This post is a follow up to the idle observations on alchemy and music previously posted as Divine Feedback. What follows is, likewise, idle observation and speculation, but perhaps an interesting starting point for something more rigorous…

Harmony and proportion were major guiding principle for medieval and Renaissance aesthetics. In the case of the alchemy suggested by the Khunrath engraving (mentioned in the above post) it seems that the suggestion is that alchemical work relates to harmony: presumably the proportions of materials and astrological timings of operations should be harmonically concordant (and by extension harmonious in sound). There is the tantalising notion that, by harmonising their preparations and processes and sounding them out, alchemists could have been the earliest practitioners of a form of data sonification!

However, any surviving examples of the application of musical principles to alchemical preparations are – as yet – unknown to me. There is the use of numerology and cabala in an alchemical context in works such as the Aesch Mezaraph and the previously mentioned Voarchadumia, and there are of course musical works such as Atalanta Fugiens and the aforementioned En Pulcher Lapis. However, the trace of such musical-alchemical thought not only in Khunrath, but in – for example – Dee’s letter to Maximillian II indicates it cannot have but underpinned the philosophical approach to the Great Work undertaken by many alchemists of the late 16th and early 17th centuries.

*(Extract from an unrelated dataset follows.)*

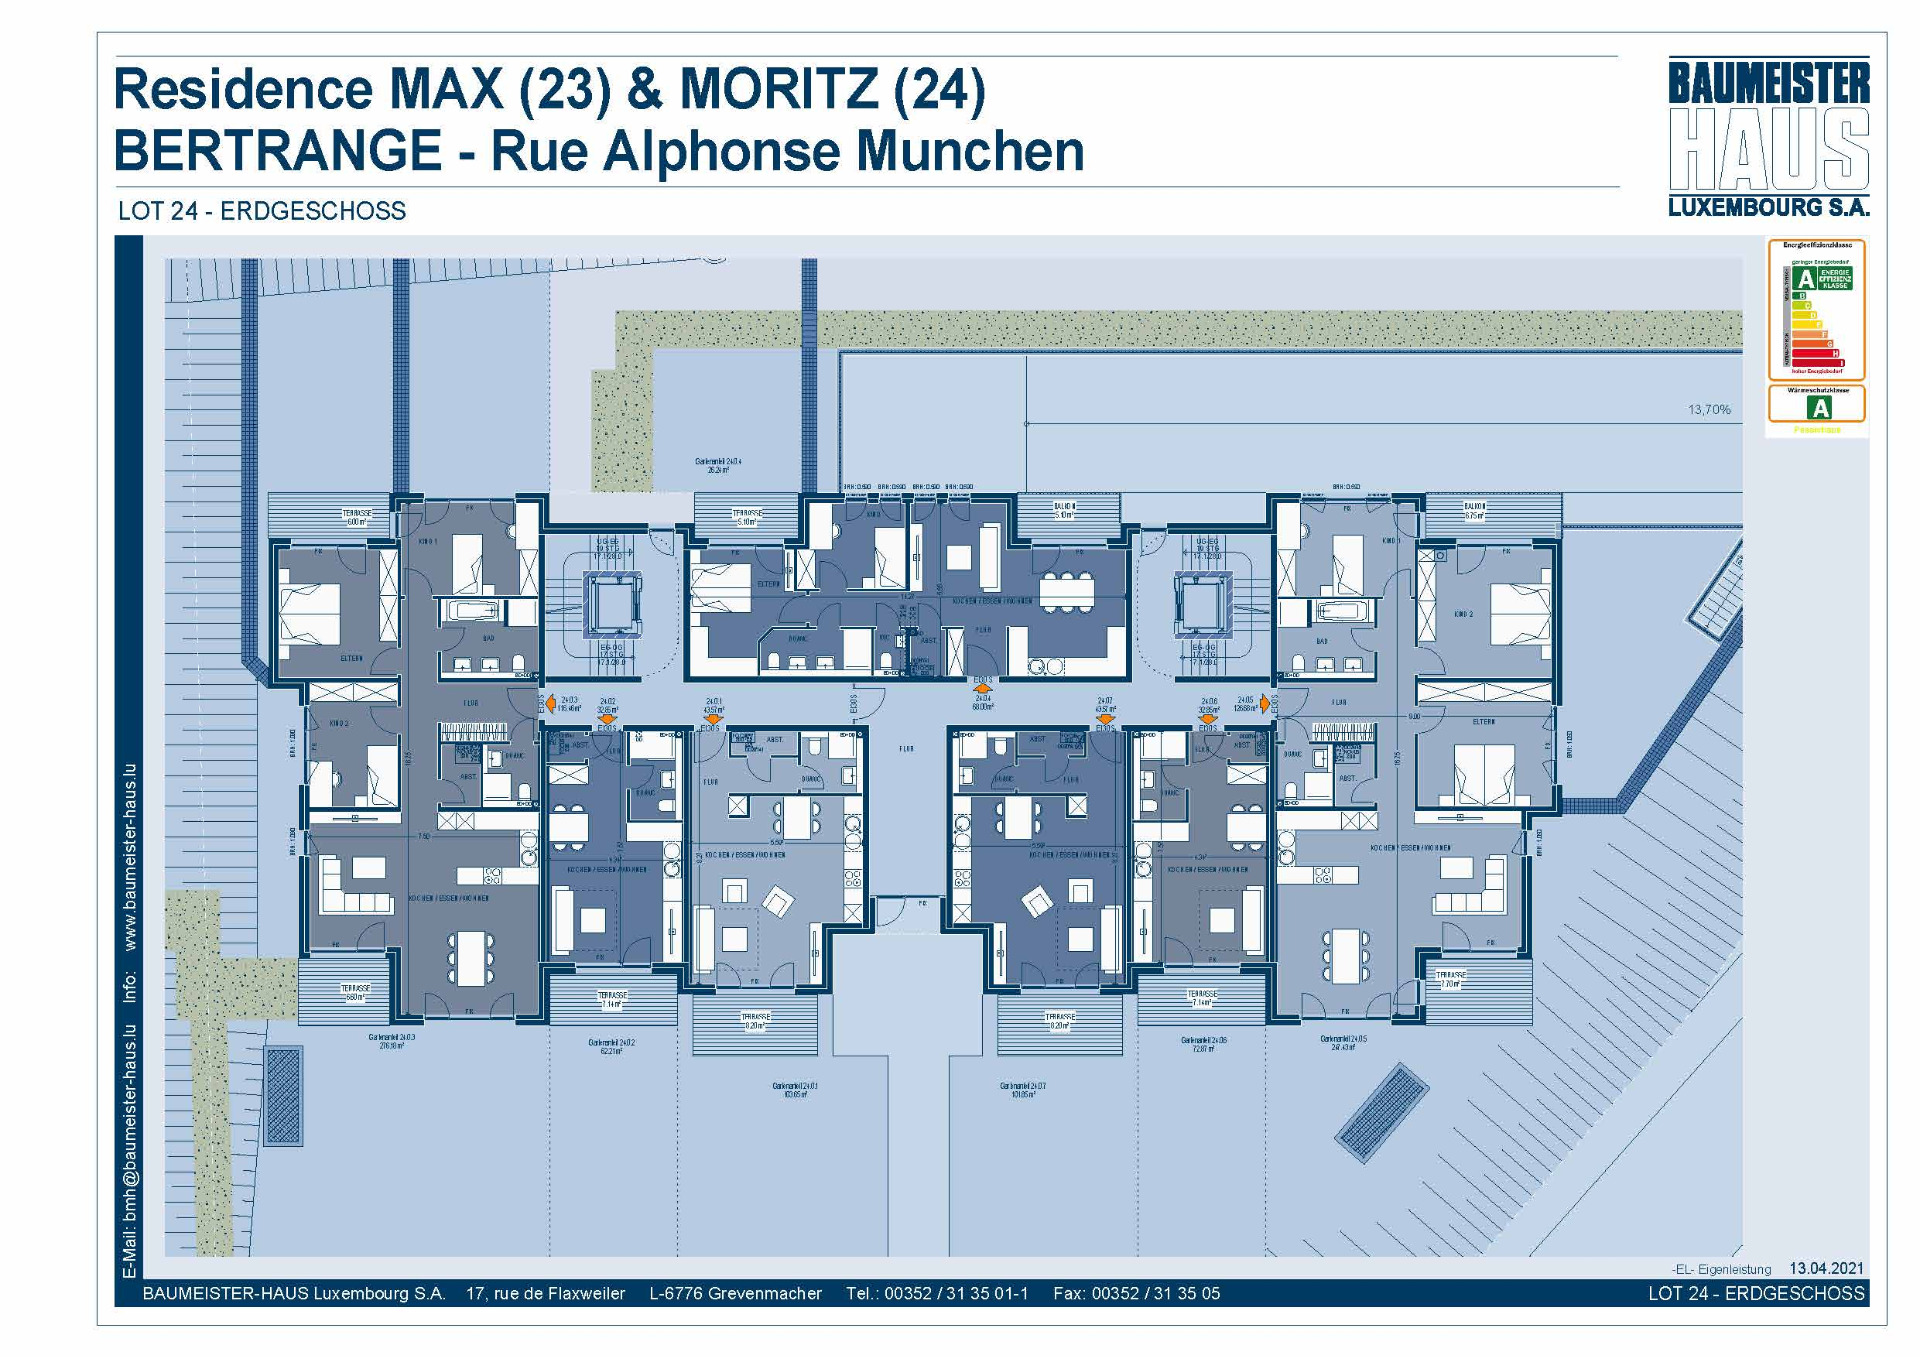 Residenz Moritz 24.0.2

This suggests to me that part of the practice of the alchemist is the ‘rationalising’ of matter though the application of musical (or mathematical) concepts like harmony and proportion to the physical work. By employing harmony a superior (celestial or rational) nature could be brought to bear on inferior matter, perhaps imparting something of the likeness of the living, turning heavens (by the analogy of micro- and macrocosm associated with the rational part of man) to make it fruitful. Part of the interwoven chain of being here elucidated by Marsilio Ficino:

Therefore he (God) laid the inferior things beneath the superior, as an egg to be hatched under a hen, or as a woman to be made fruitful by a man. Into which he from the beginning inserted certain seminal reasons, that they might, taking their opportunities, multiply themselves, as I may say, with a perpetual fertility and offspring. But God wrought out his compacted being of the world by certain harmony and musical proportion allied to one another, that which are in the superior world are in the inferior also, but in a terrestrial manner: that which likeness are in the inferiors, may also be seen in the superiors, in a celestial manner indeed, and according to the cause.

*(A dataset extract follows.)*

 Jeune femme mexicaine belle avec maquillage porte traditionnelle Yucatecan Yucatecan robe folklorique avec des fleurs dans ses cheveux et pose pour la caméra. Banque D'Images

The associations of music with the heavens goes back at least as far as the notion of the music of the spheres, associated with Pythagoras via Plato. Closer to the period in question Ficino – alleged author of the above quoted alchemical text – used music and song in his form of celestial magic. Once more, music is a bridge between the celestial and earthly spheres. It’s apparent from the Khunrath engraving that the use of music is not just an analogy for the astrological conditions of alchemy (itself called astronomia inferior), but also effects the soul of the alchemist (hence the Ficinian quote relating to music relieving melancholic humours). The matter, the heavens, and God are all intimately connected with the alchemist, his body, mind and soul.

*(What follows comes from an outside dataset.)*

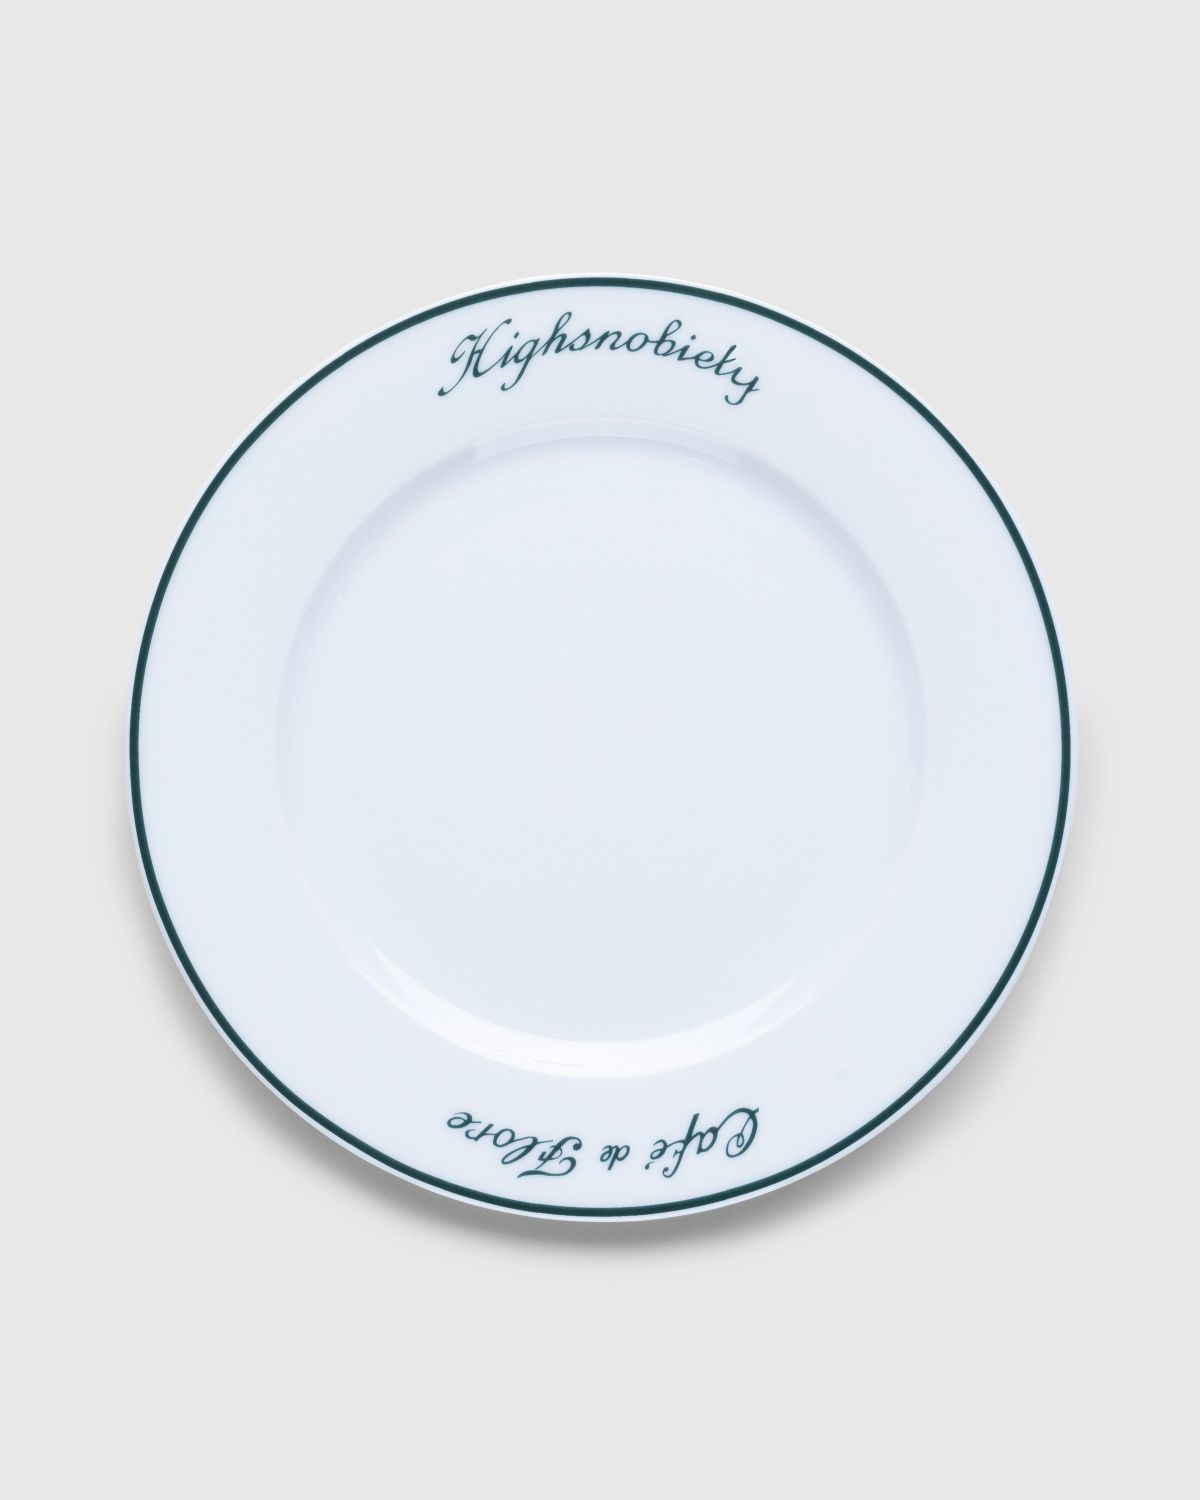 Café de Flore x Highsnobiety – Plate - Ceramics - White - Image 1

To many theorists, musicians and writers with Neoplatonic inclinations the moral and emotional characters of the eight church modes were often associated with the heavenly spheres, as were the harmonic conventions of the monochord . There was therefore a strong philosophical link between music and the heavens until developments in music and astronomy (among others) caused a schism which would lead later commentators such as Antoine Fabre D’Olivet (1767-1825) to speculate that the magical powers and moral natures ascribed to music by the ancients had been lost as a result of – for example – equal temperament turning.

The limitations of traditional musical theory and notation were unable to accommodate the changing fashions and scientific advances of the late Renaissance and Baroque. In this regard I remember a passage in Jamie James’ brilliant The Music of the Spheres that discussed the compositional possibilities offered by Fludd’s Temple of Music (illustrated above), stating that – when one considers that audiences of the time were becoming familiar with increased chromaticism, for example in the music of John Dowland and the opportunities for modulation afforded by new systems of temperament – the music on offer by Fludd must have been about as exciting as auntie’s bloomers.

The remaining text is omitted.